I am receiving files via JSON that include any number of PDF files. I have to split the file and remove the back slash characters to convert them into a PDF file. This has worked with the bundled file sizes usually in the tens of thousand Megabytes. Recently I started getting files 10 times that size and the program crashes out of memory. The memory usage at that time is less than 3GB and I have 32GB in the computer.

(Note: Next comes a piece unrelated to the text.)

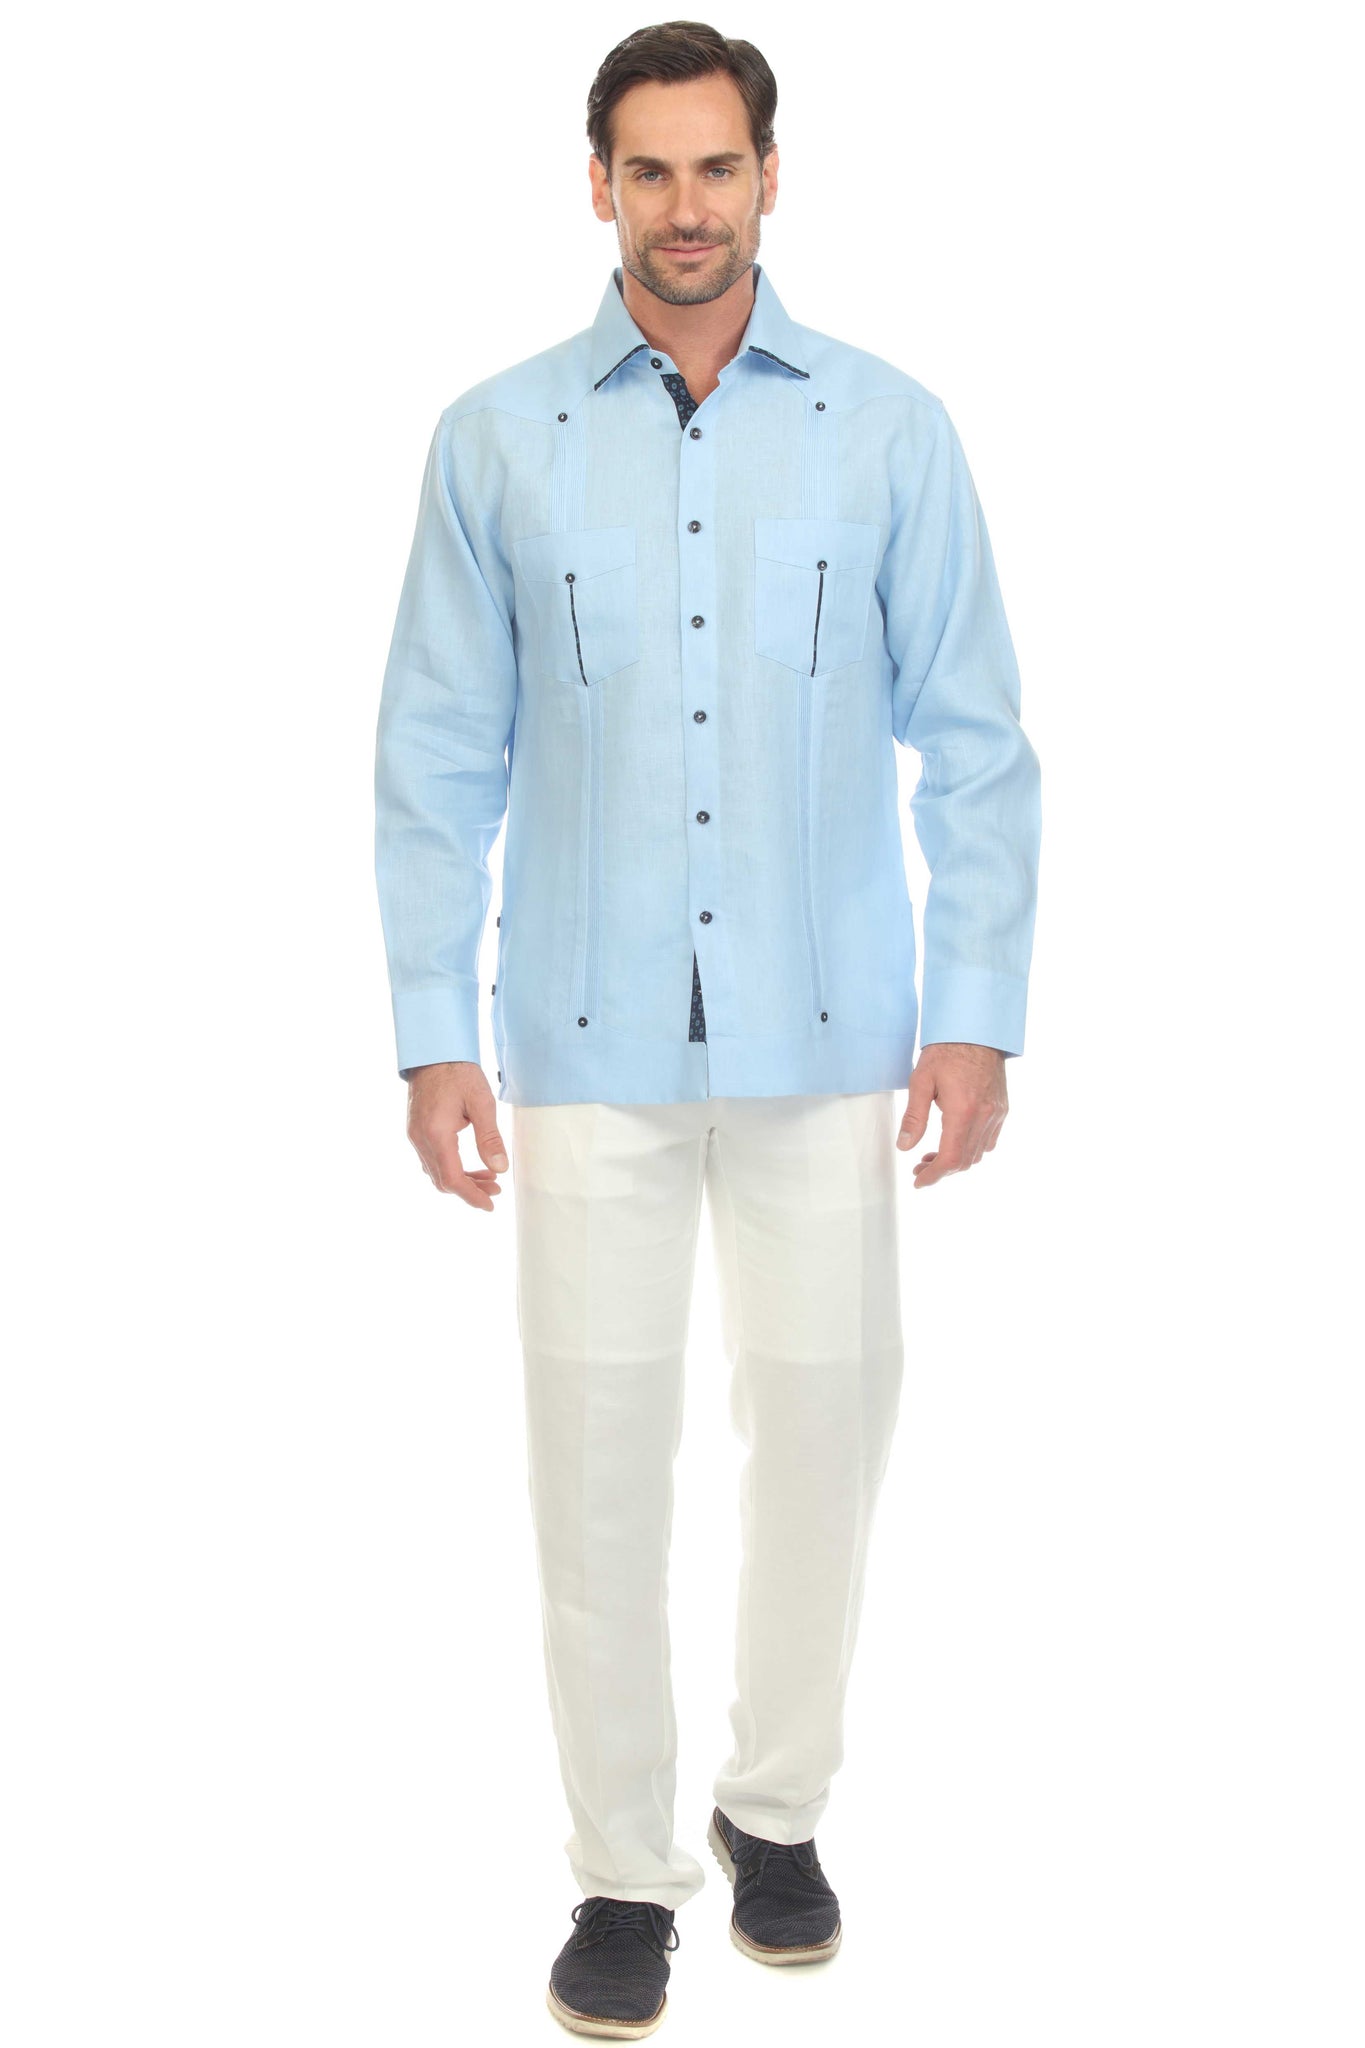 Mojito Men's 100% Linen Guayabera Shirt Long Sleeve with Solid Color Trim Accent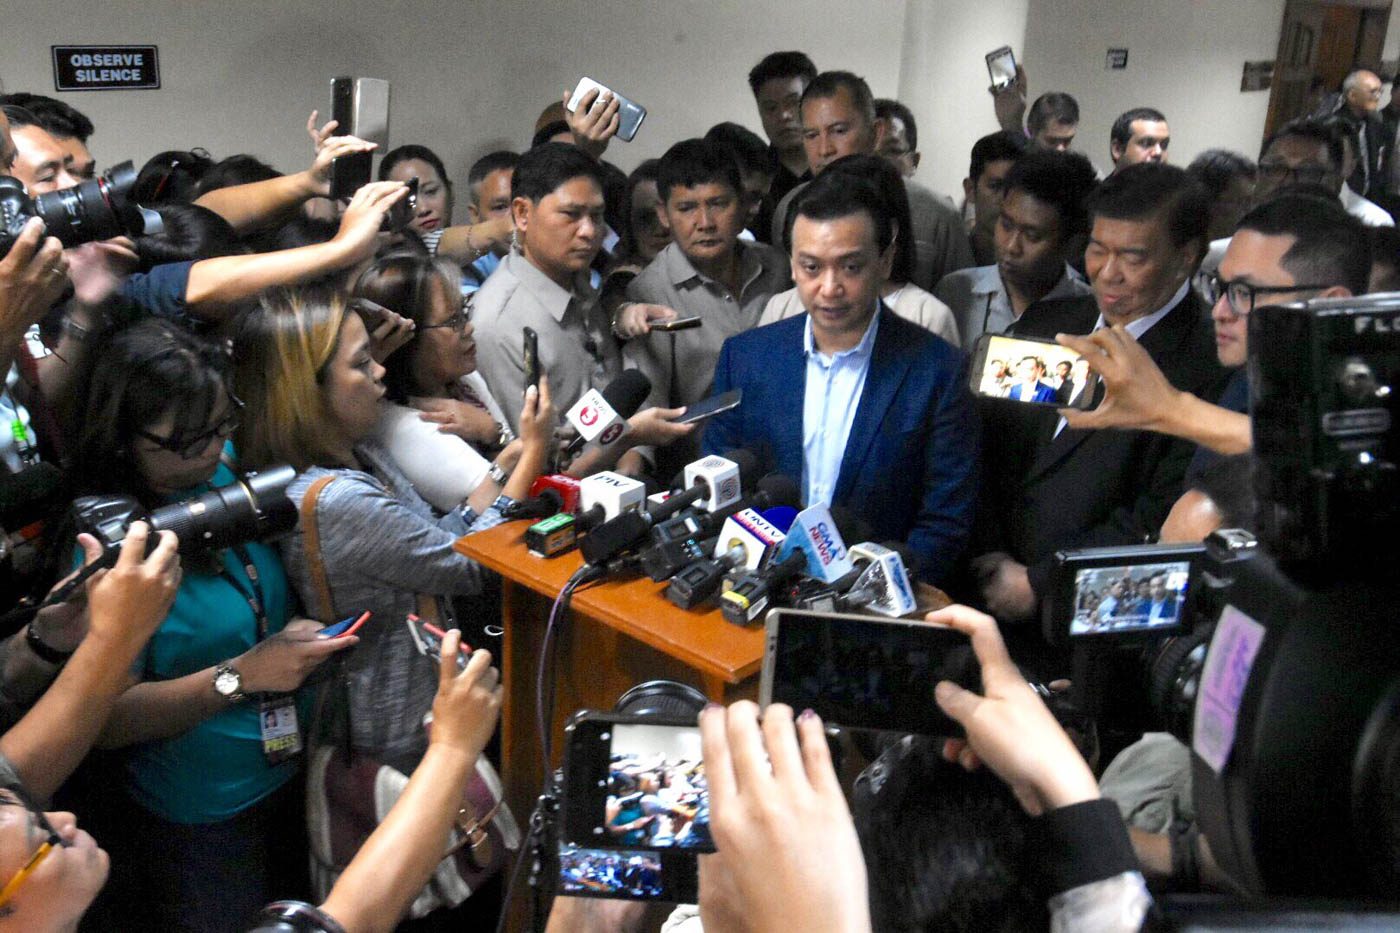 FRENZY. Senator Trillanes finds himself surrounded by the media on September 4, as he is caught by surprise by the proclamation ordering the revocation of his amnesty. Photo by Angie de Silva/Rappler

temp = buffer.IndexOf("FileData");
while (temp > 0)
{
docBuffer = buffer;
int gen = 1;
string curFile = wdirl + outFileZ + "AAA" + gen.ToString("D3") + ".pdf";
FileStream strmFileA = File.Create(curFile);
docBuffer = docBuffer.Substring(temp + 11);
temp = docBuffer.IndexOf('"');
buffer = docBuffer.Substring(temp);
docBuffer = docBuffer.Substring(0, temp);
// string docBufferA = docBuffer.Replace("\\", string.Empty);
StringBuilder docBufferA = new StringBuilder(docBuffer);
docBufferA.Replace("\\", "");
docBuffer = docBufferA.ToString();
bytes = Convert.FromBase64String(docBuffer);
writer = new BinaryWriter(strmFileA);
writer.Write(bytes, 0, bytes.Length);
writer.Close();
temp = buffer.IndexOf("FileData";
}
I tried using StringBuilder while removing the backslashes and it put off the problem for a little while.
Strings in C# are immutable. This means that every time you call methods like Substring, a new string is created in memory. When dealing with large strings this behavior can quickly consume a lot of memory.
To fix it, you try the following approach:
1. Stream the JSON: Instead of loading the entire JSON file into memory at once, use a streaming parser like JsonTextReader from the Newtonsoft.Json library. This way, you can process the JSON content piece-by-piece without loading the entire thing into memory.
2. Directly Write to File Stream: Instead of constructing the decoded byte array in memory, you can directly write the decoded bytes to the file stream.